Le Gaillac primeur ne connait pas la crise

Le Gaillac primeur ne connait pas la crise

Le vin primeur du Tarn arrive sur les tables ce mercredi soir. Une opération marketing qui permet aux viticulteurs de faire connaître l'ensemble de leur production.

Cette année le Gaillac primeur n'aura pas de goût "banane" ou "fruits rouges". La cuvée 2012 affiche une saveur de "fruit mûr" selon Bernard Petiot, directeur de maison des vins à Gaillac qui s'apprête à ouvrir ce soir les premières bouteilles de nouvelle la cuvée. Au-delà de l'événement festif, de moins en moins marqué d'ailleurs, l'arrivée du Gaillac primeur constitue une date importante pour les vignerons tarnais.

Une bonne opération "marketing"

"D'ici à dimanche, on va accueillir de 60 000 à 80 000 personnes, se félicite Bernard Petiot. Pour une bouteille de primeur achetée, les clients achètent quatre à cinq bouteilles d'appelation". Une bonne opération marketing quand on sait que le vin primeur ne constitue que 5% de la production annuelle dans le Gaillacois. "A quelques semaines de Noël, il faut se rappeller au bon souvenir des clients", confirme Caroline David, viticultrice avec son frère Olivier au domaine Clément Termes à L'Isle sur Tarn. Même à côté du "mastodonte" Beaujolais, les vignerons tarnais ne craignent pas la concurrence. "Le Beaujolais c'est le primeur national, tandis que le Gaillac c'est celui de Midi-Pyrénées", ajoute Caroline David.
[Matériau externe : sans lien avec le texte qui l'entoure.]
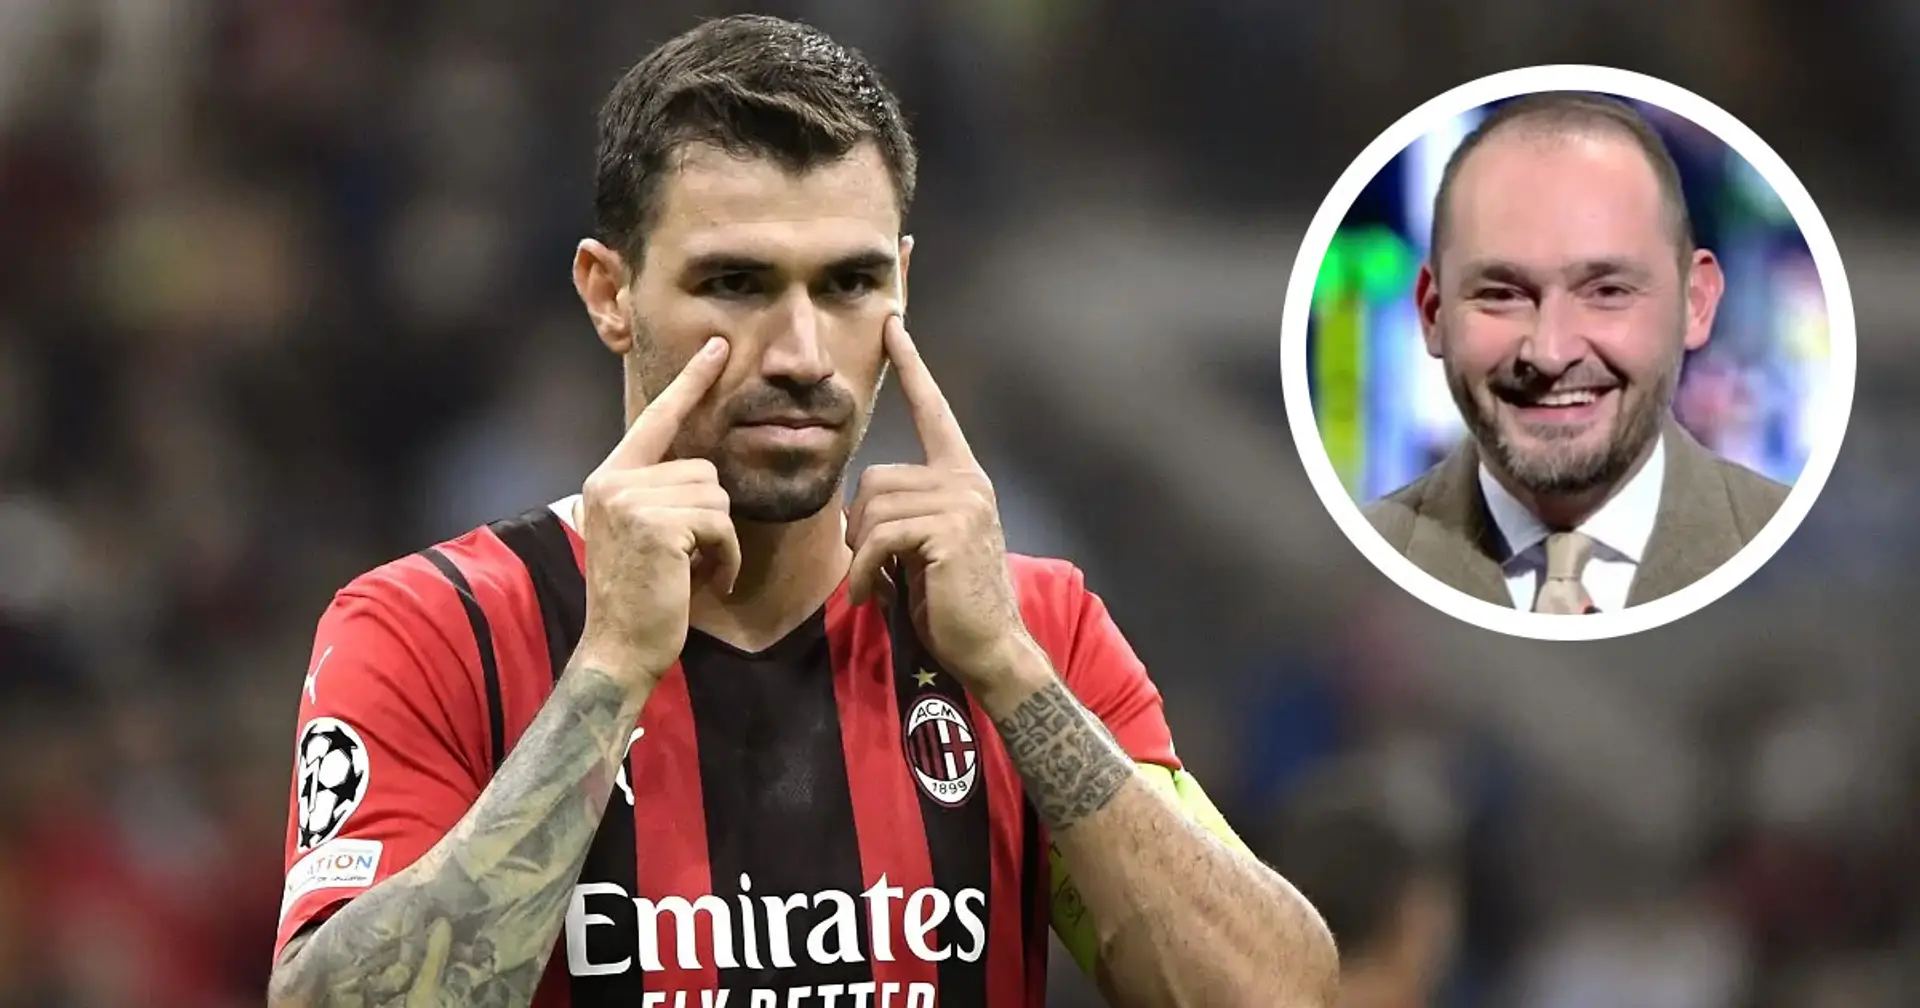 "Il Milan vuole confermare Romagnoli", Di Marzio fa il punto della situazione sul rinnovo del capitano rossonero

Une baisse de production de 15%

D'ailleurs, le Gaillac primeur se consomme rarement dans les contrées au-dessus de la Loire.  "Avec 6000 hectolitres contre 240 000 pour le Beaujolais, nous sommes le petit poucet", rappelle Bernard Petiot qui préfère parler de cohabitation plutôt que de réelle concurrence. Finalement en 2012 le seul point commun entre les deux vins concerne la baisse de la récolte : alors que le vignoble du Beaujolais affiche 40% de volume en moins, celui de Gaillac limite les dégâts avec une chute de 15% en raison de la sécheresse estivale.